Async Programming & Ecosystem

Async Programming & Python Ecosystem Python's asyncio enables high-concurrency I/O without threads. Combined with its rich ecosystem — aiohttp, SQLAlchemy, Cele

Async Programming & Python Ecosystem

Python's asyncio enables high-concurrency I/O without threads.
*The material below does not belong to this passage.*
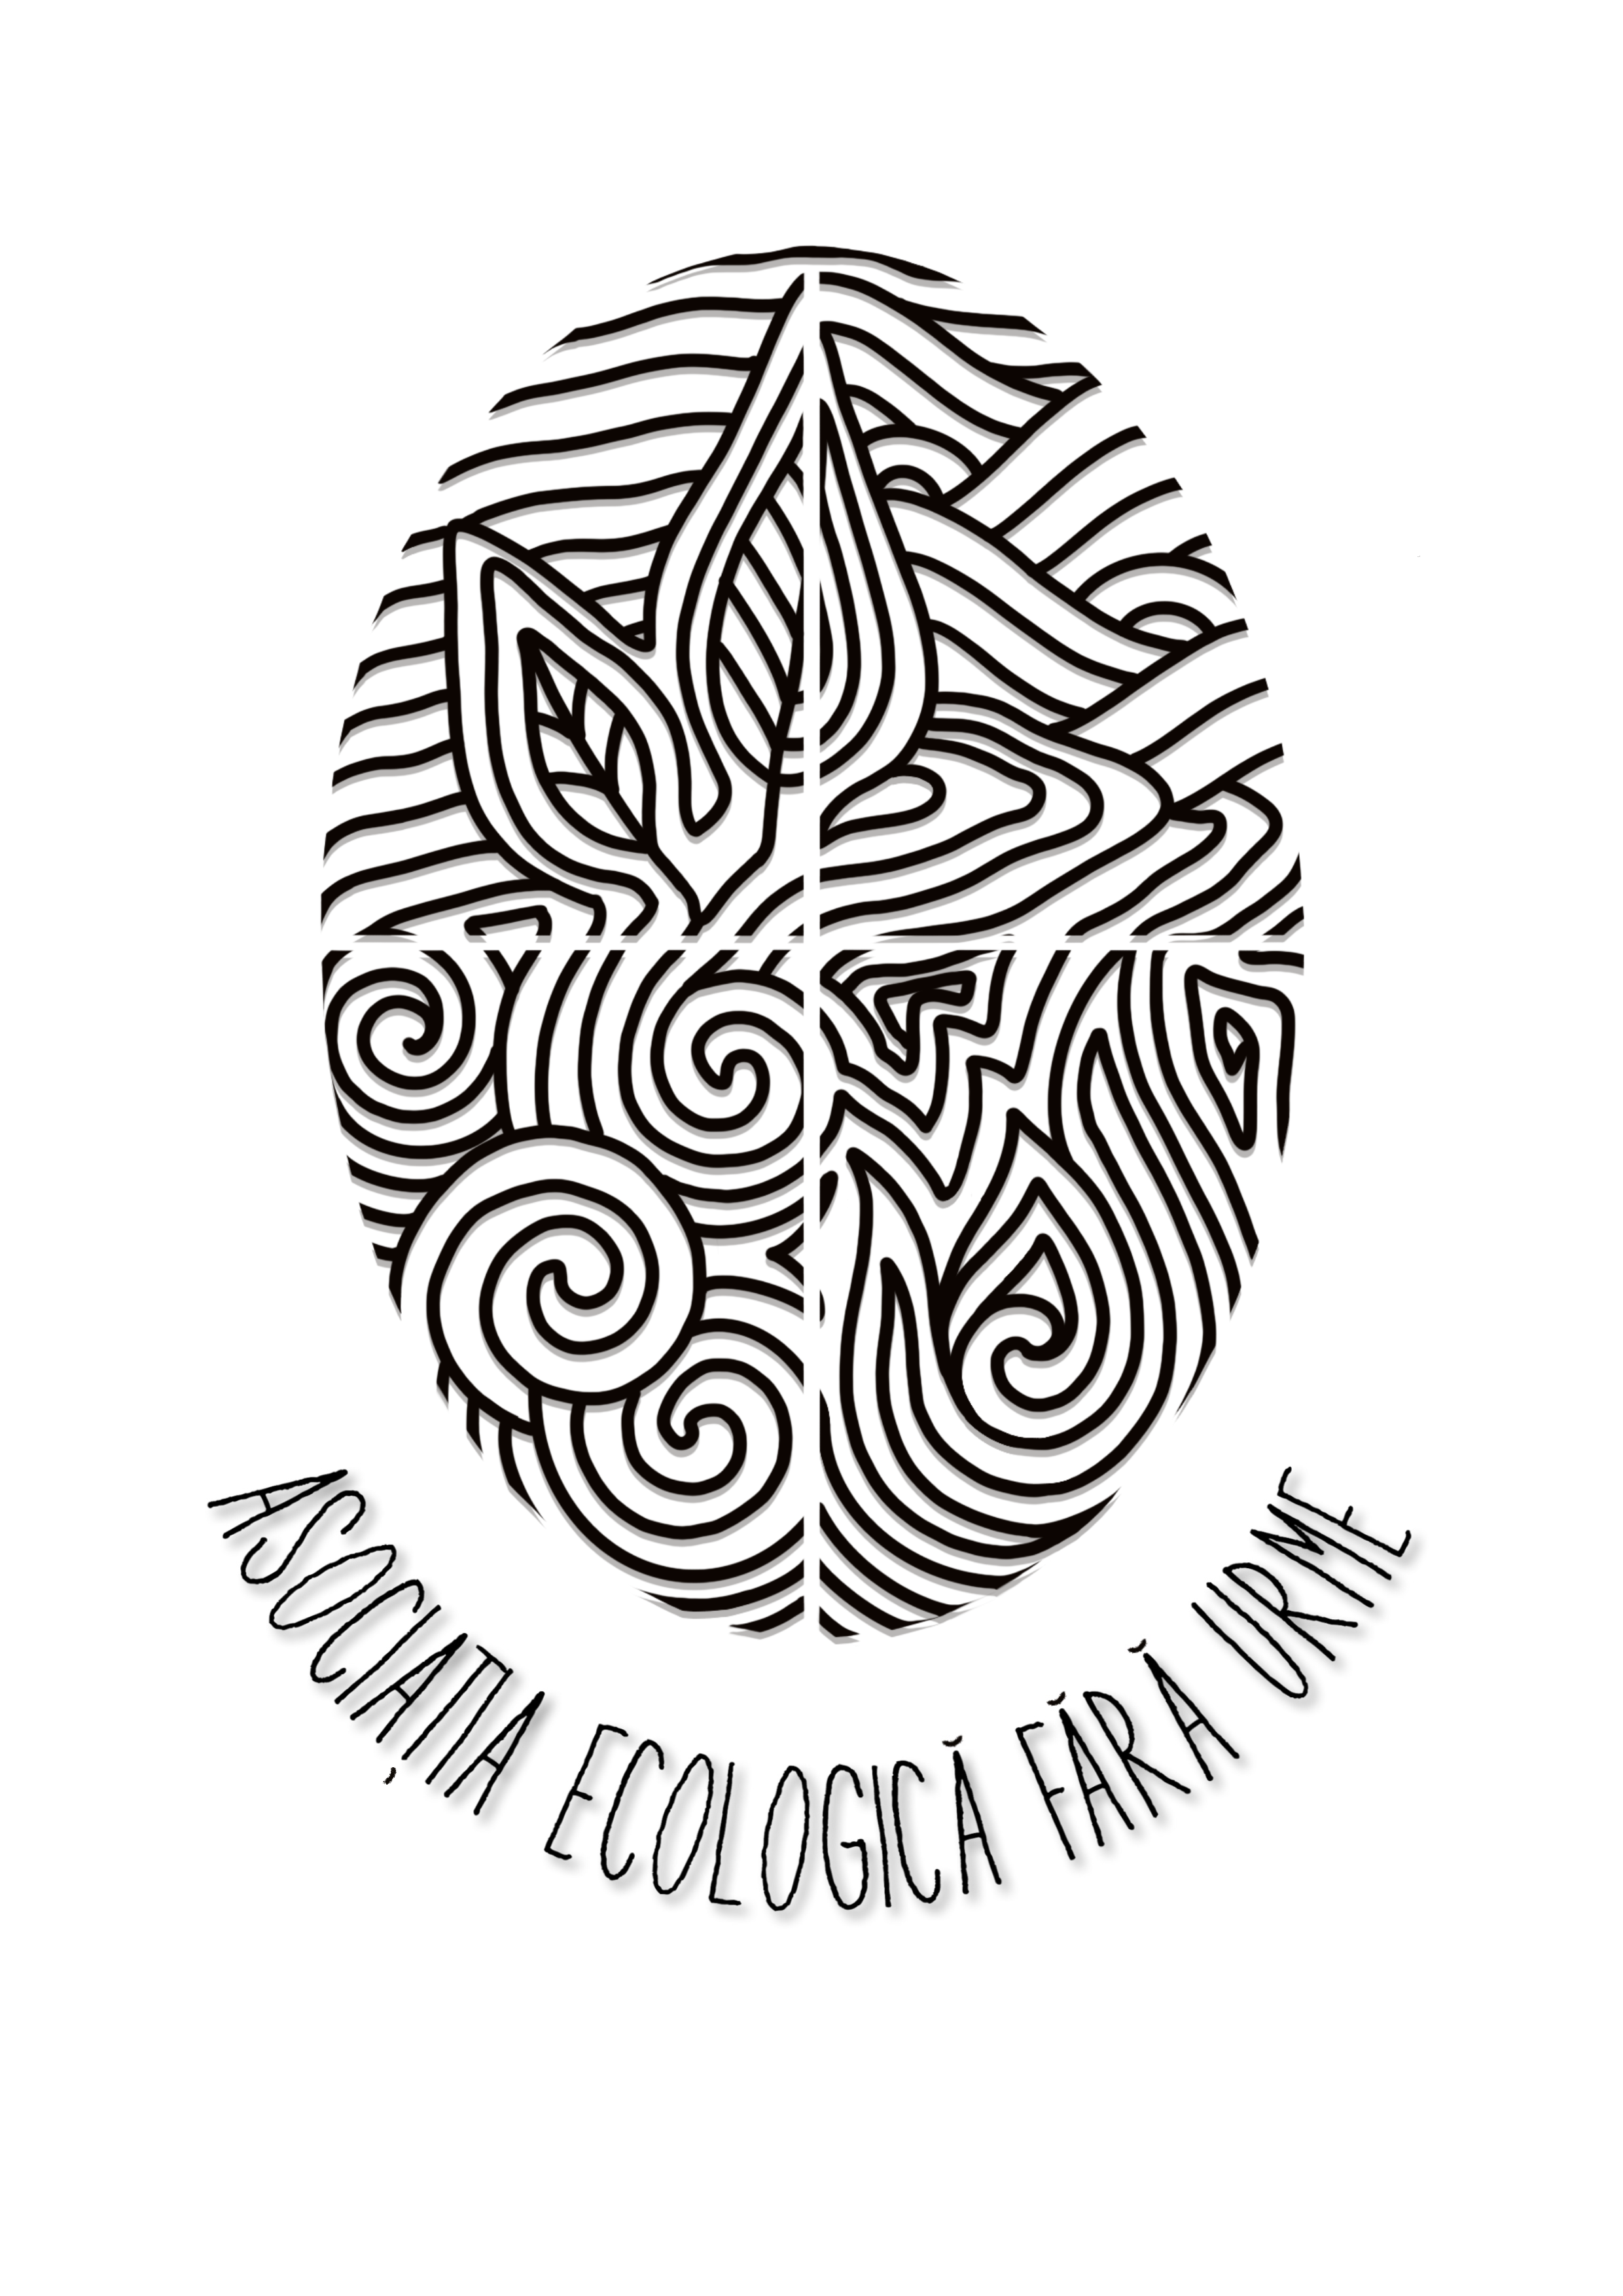 Asociatia Ecologica Fara Urme logo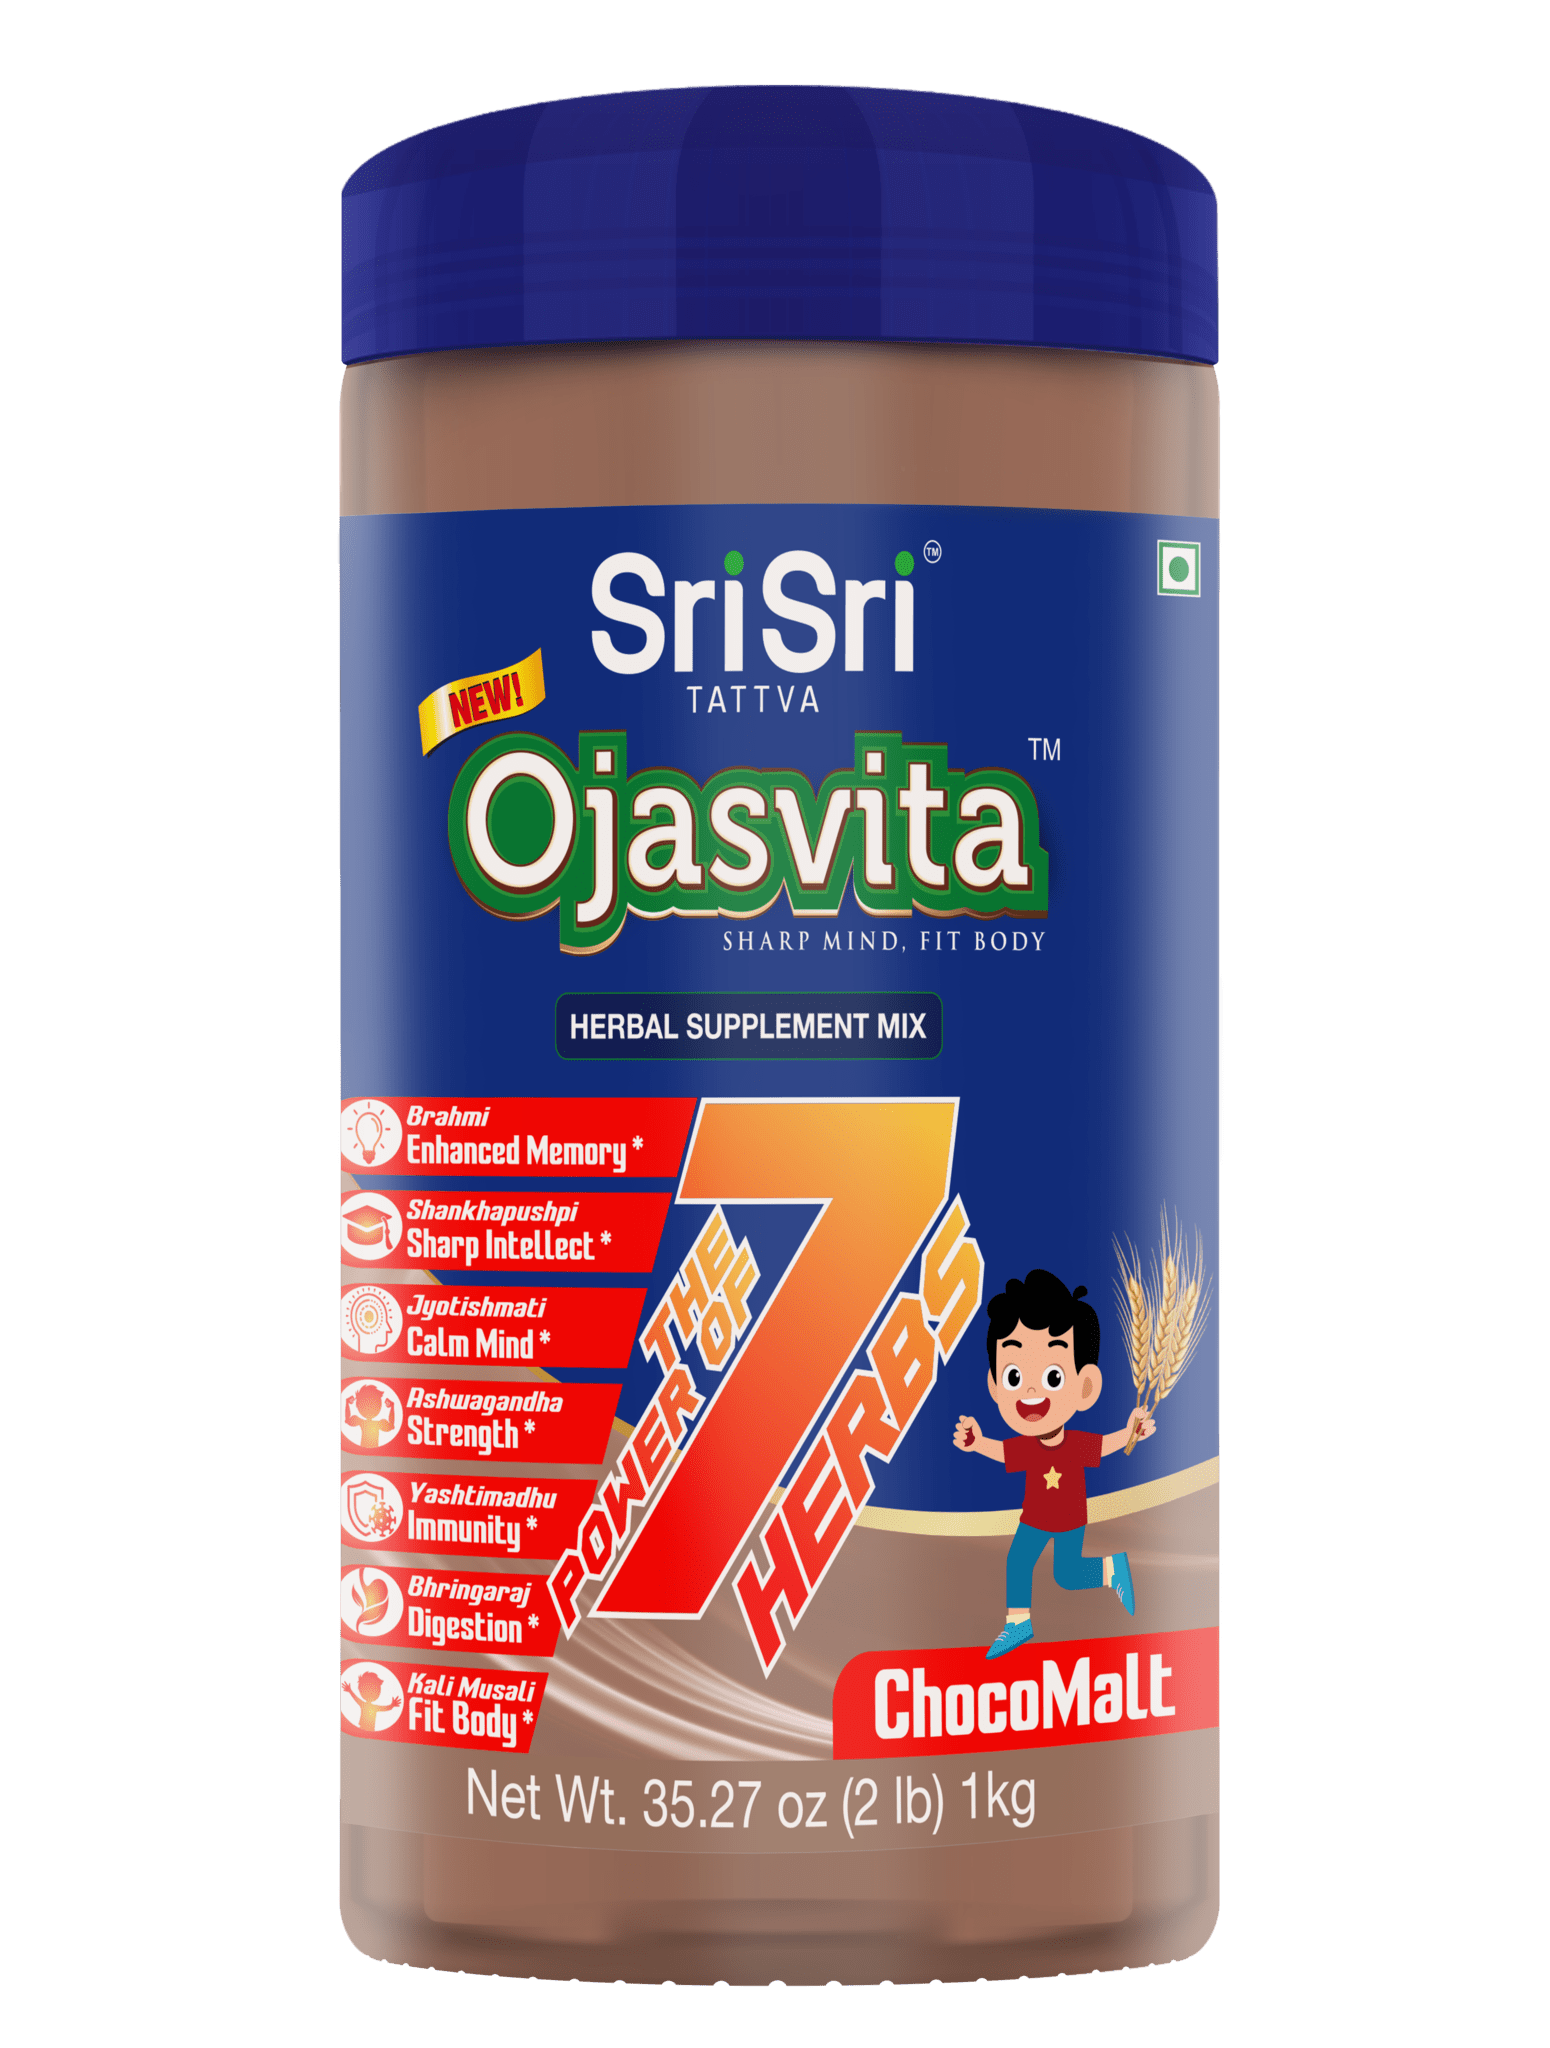 Sri Sri Tattva Herbs Ojasvita ChocoMalt 1Kg - Power of 7 Herbs

Combined with its rich ecosystem — aiohttp, SQLAlchemy, Celery, and more — Python excels at building scalable web services and data pipelines.

asyncio Fundamentals

import asyncio

async def fetch(url: str, delay: float = 1.0) -> str:
    await asyncio.sleep(delay)   # non-blocking I/O simulation
    return f"Data from {url}"

async def main():
    # Sequential — total: 3 seconds
    r1 = await fetch("api1.com", 1.0)
    r2 = await fetch("api2.com", 2.0)

    # Concurrent with gather — total: 2 seconds (limited by slowest)
    results = await asyncio.gather(
        fetch("api1.com", 1.0),
        fetch("api2.com", 2.0),
        fetch("api3.com", 0.5),
    )
    print(results)

    # Ignore individual errors
    results = await asyncio.gather(
        fetch("api1.com"),
        fetch("broken.com"),
        return_exceptions=True,   # exceptions returned, not raised
    )

asyncio.run(main())

Real HTTP with aiohttp

import aiohttp
import asyncio

async def fetch_json(session: aiohttp.ClientSession, url: str) -> dict:
    timeout = aiohttp.ClientTimeout(total=10)
    async with session.get(url, timeout=timeout) as resp:
        resp.raise_for_status()
        return await resp.json()

# Semaphore to cap concurrent requests
async def fetch_all(urls: list[str], limit: int = 10) -> list:
    semaphore = asyncio.Semaphore(limit)

    async def fetch_one(session, url):
        async with semaphore:
            return await fetch_json(session, url)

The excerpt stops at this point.